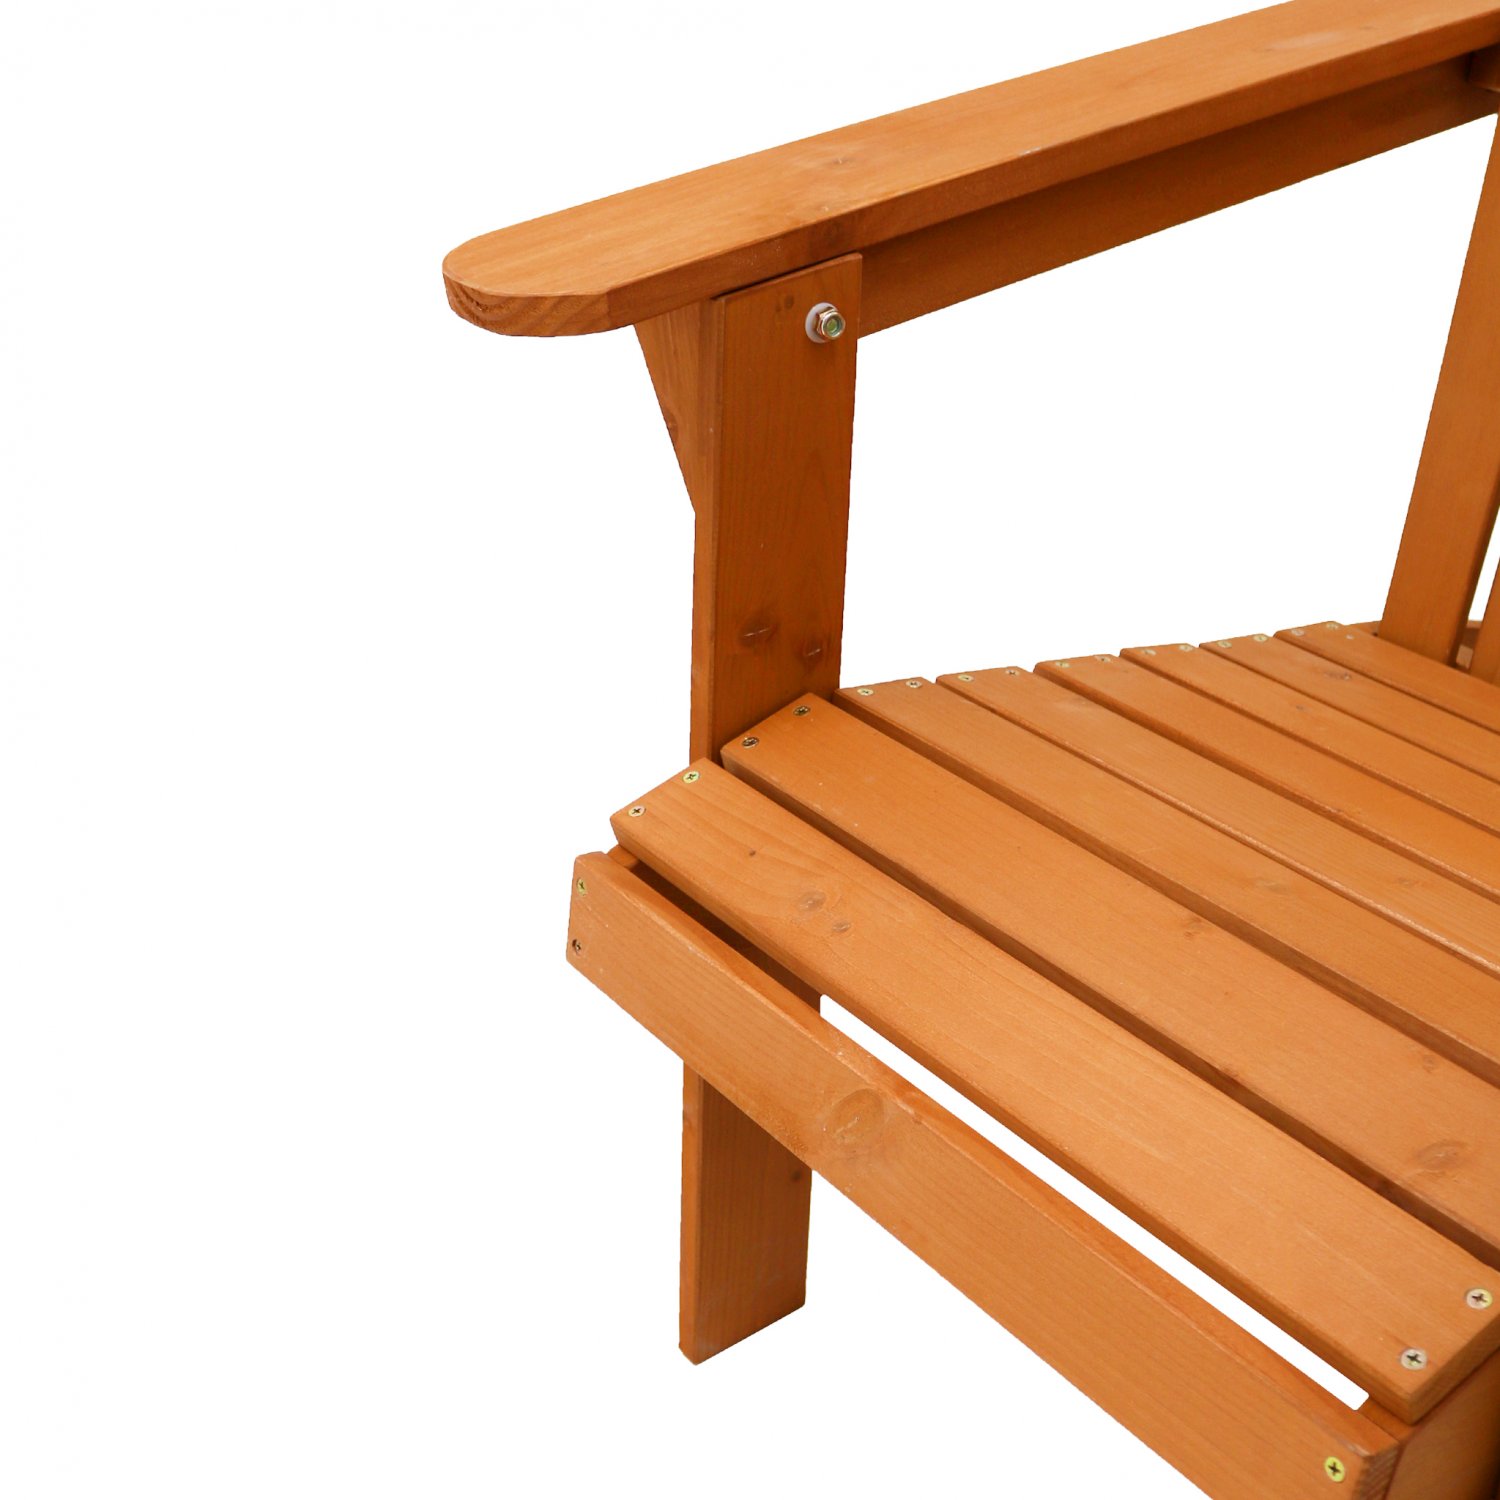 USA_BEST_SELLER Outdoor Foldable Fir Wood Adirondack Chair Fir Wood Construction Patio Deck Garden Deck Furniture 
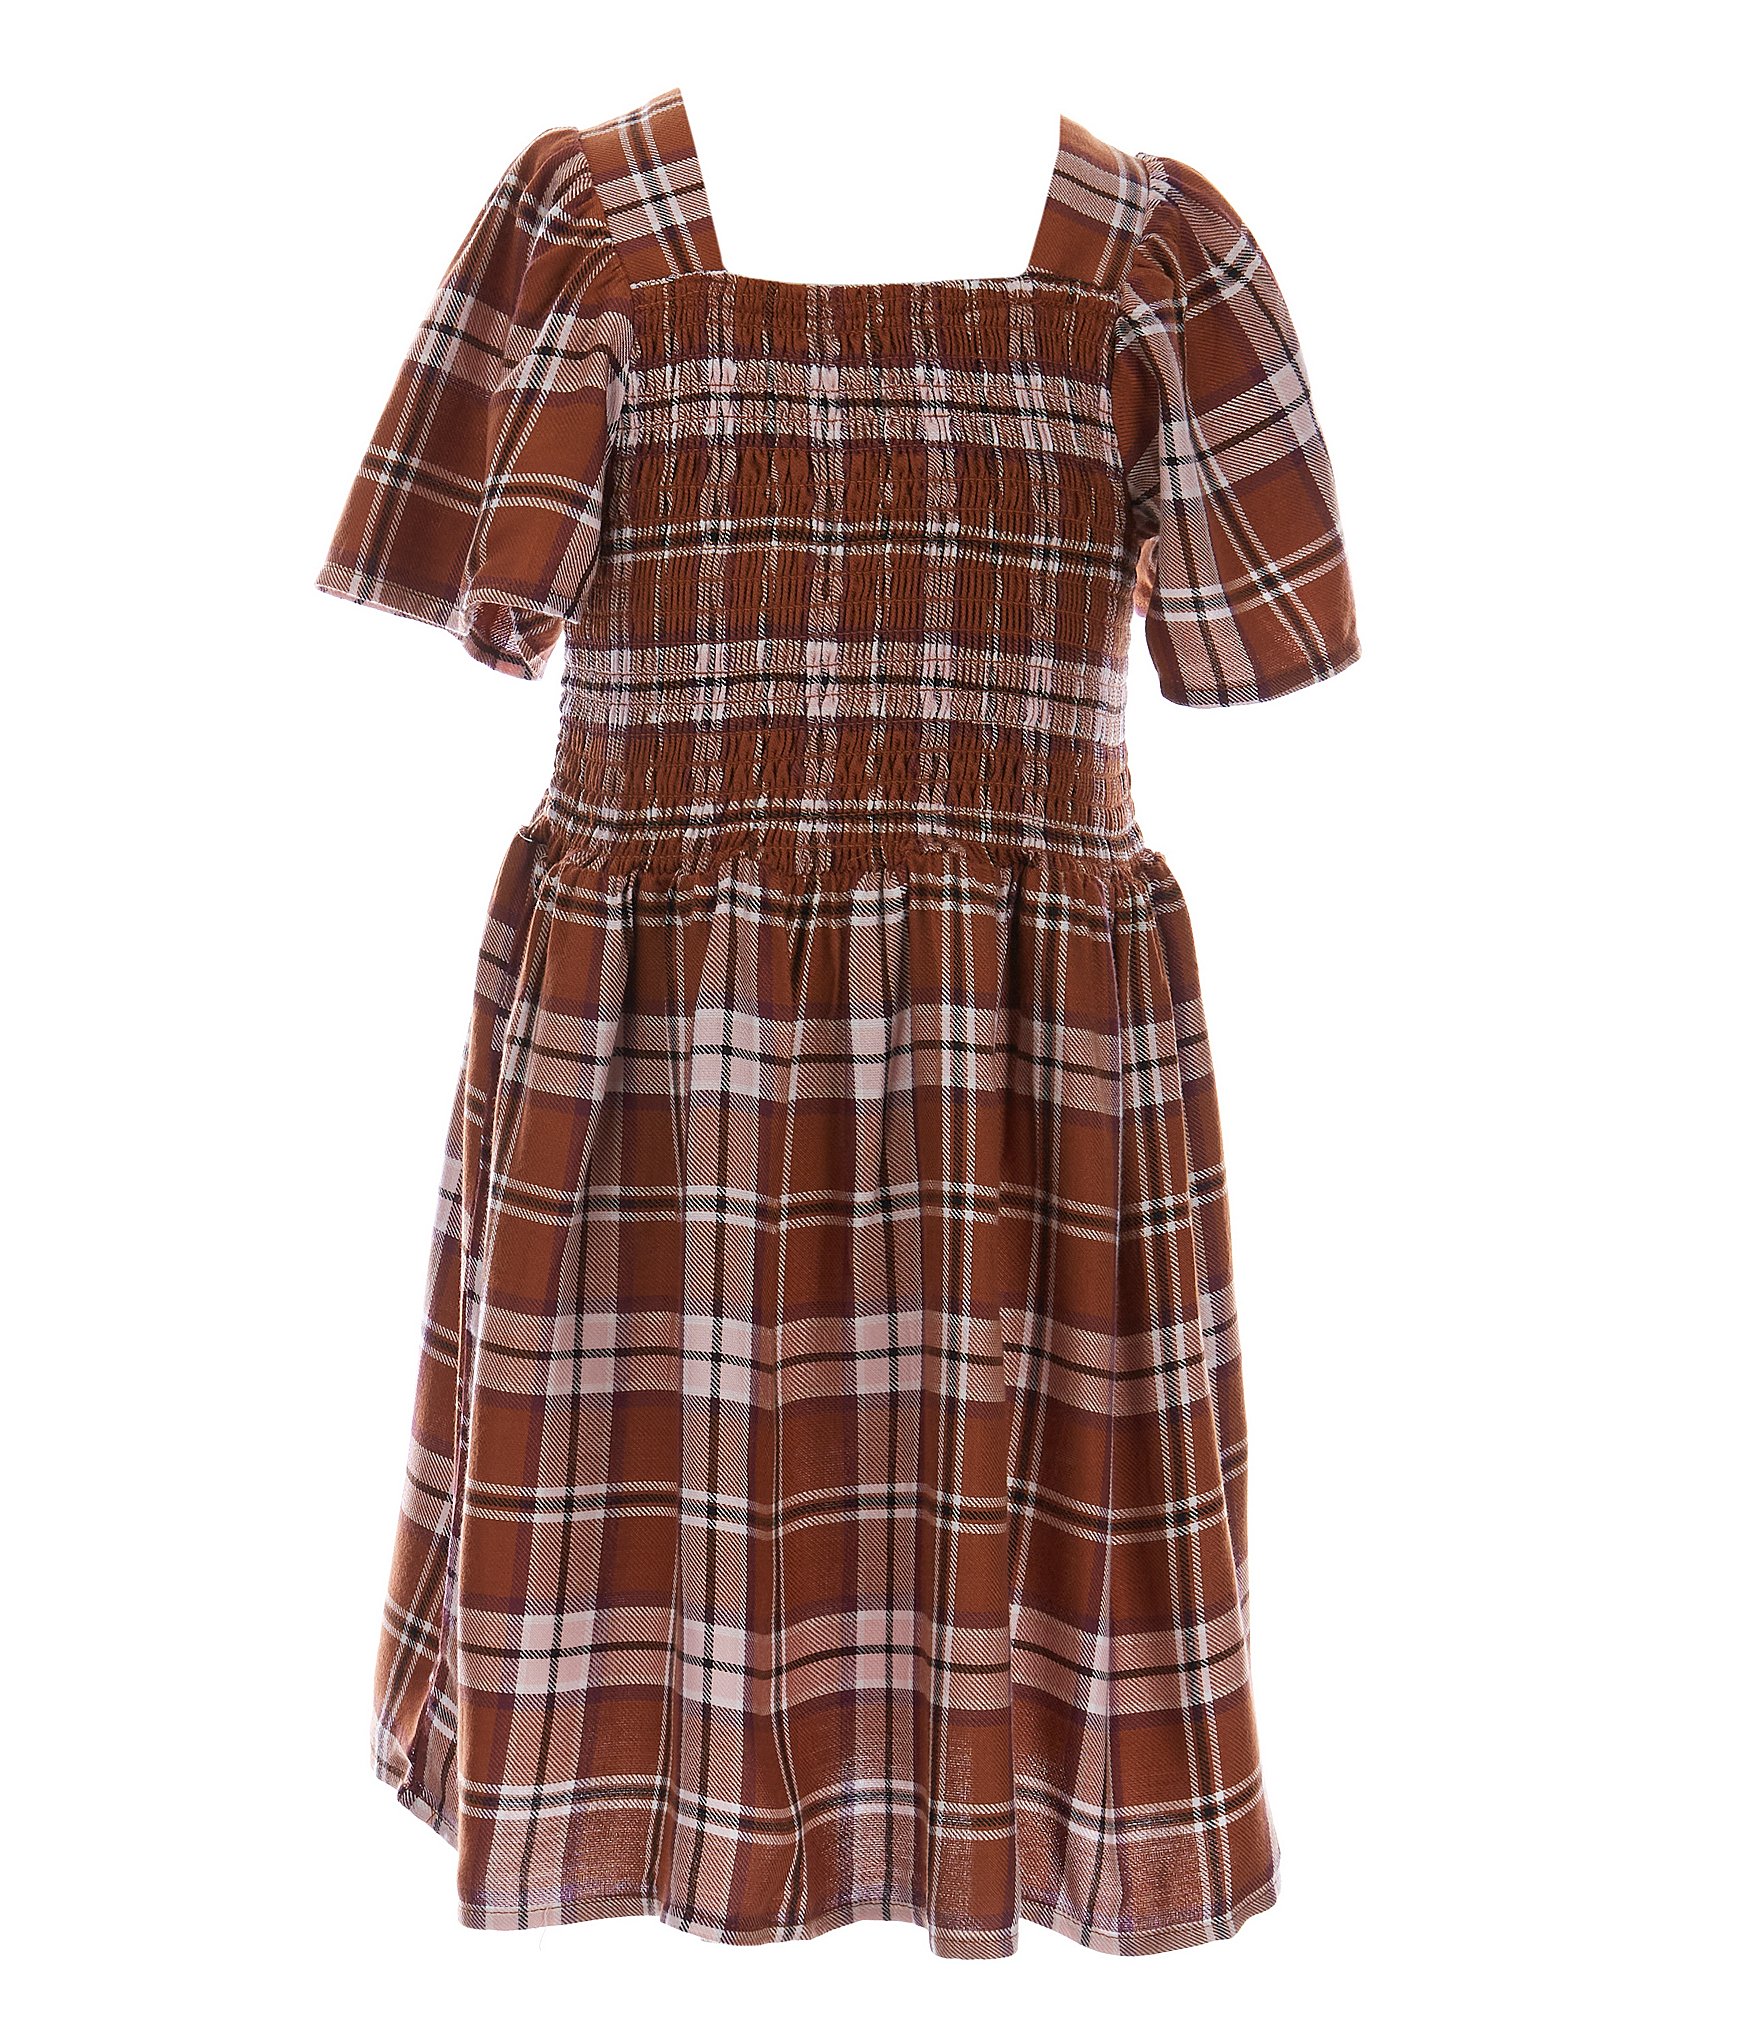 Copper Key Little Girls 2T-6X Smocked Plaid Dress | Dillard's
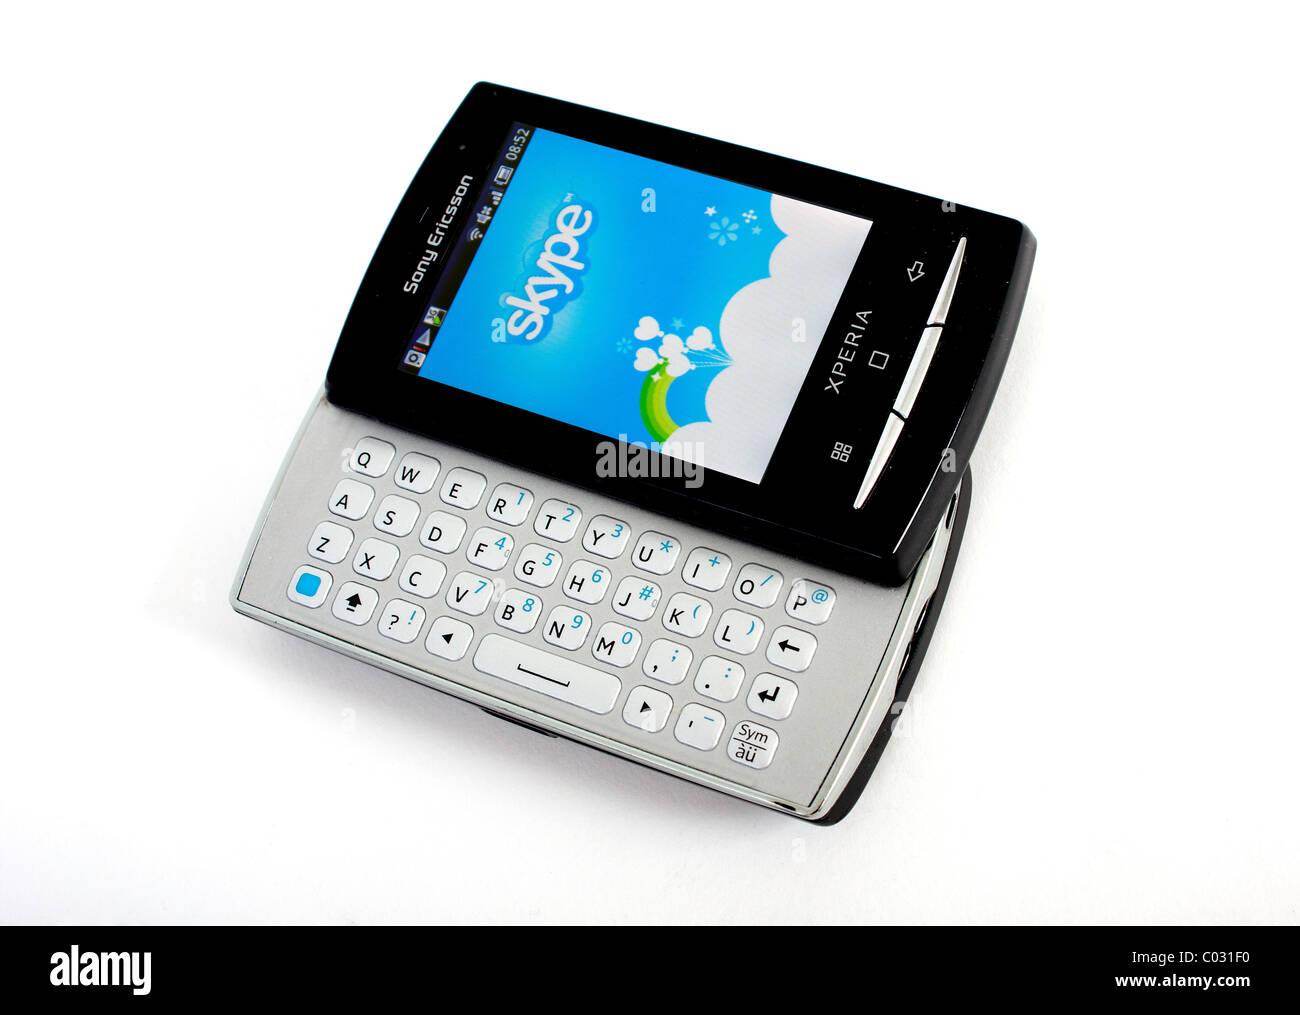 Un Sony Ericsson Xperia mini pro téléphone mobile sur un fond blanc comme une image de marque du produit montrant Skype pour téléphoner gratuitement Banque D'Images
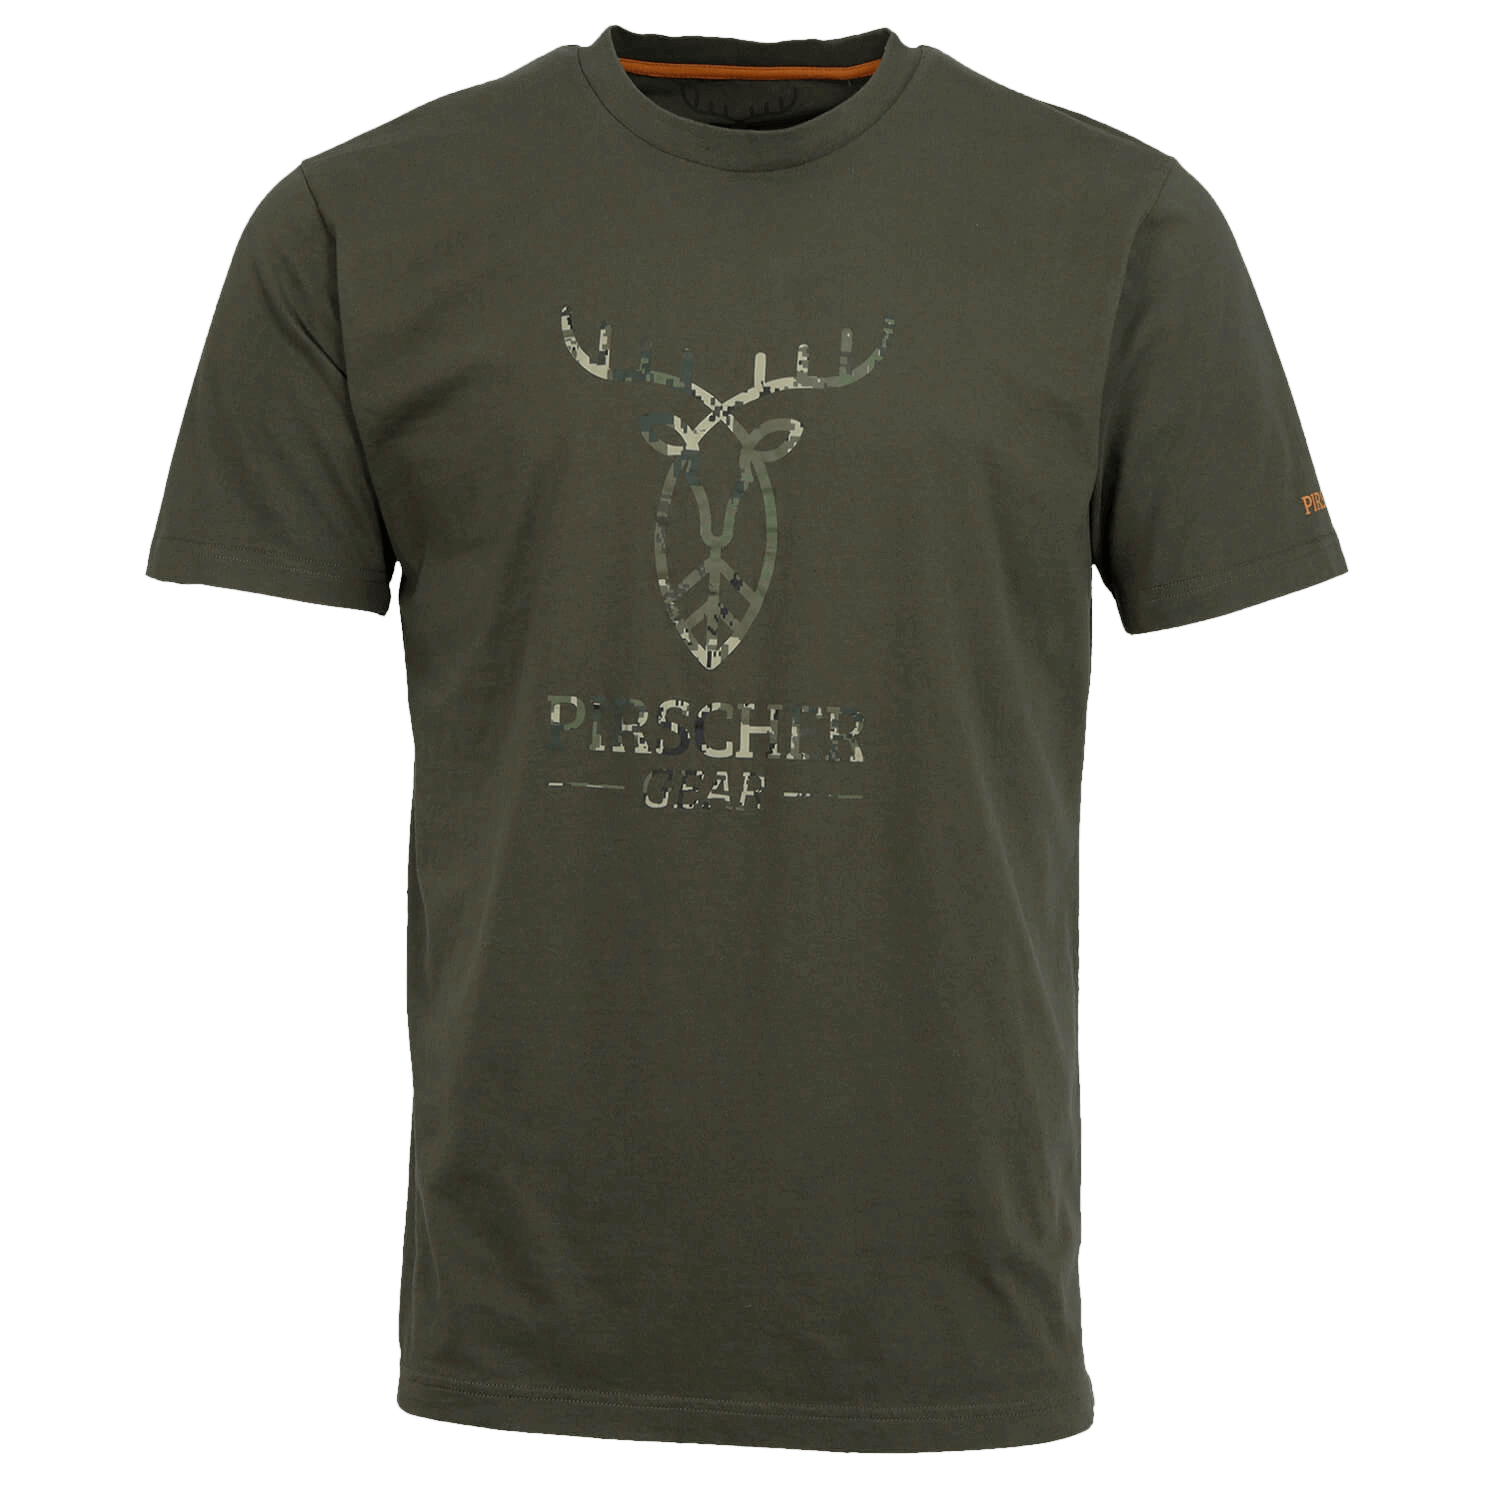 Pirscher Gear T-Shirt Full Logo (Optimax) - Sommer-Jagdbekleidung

Task instructions ::
Your output should consist solely of the lines from the line containing "Un Sony Ericsson" through the end of the data above, copied exactly, with images removed.

Task output ::
 Un Sony Ericsson Xperia mini pro téléphone mobile sur un fond blanc comme une image de marque du produit montrant Skype pour téléphoner gratuitement Banque D'Images
 Pirscher Gear T-Shirt Full Logo (Optimax) - Sommer-Jagdbekleidung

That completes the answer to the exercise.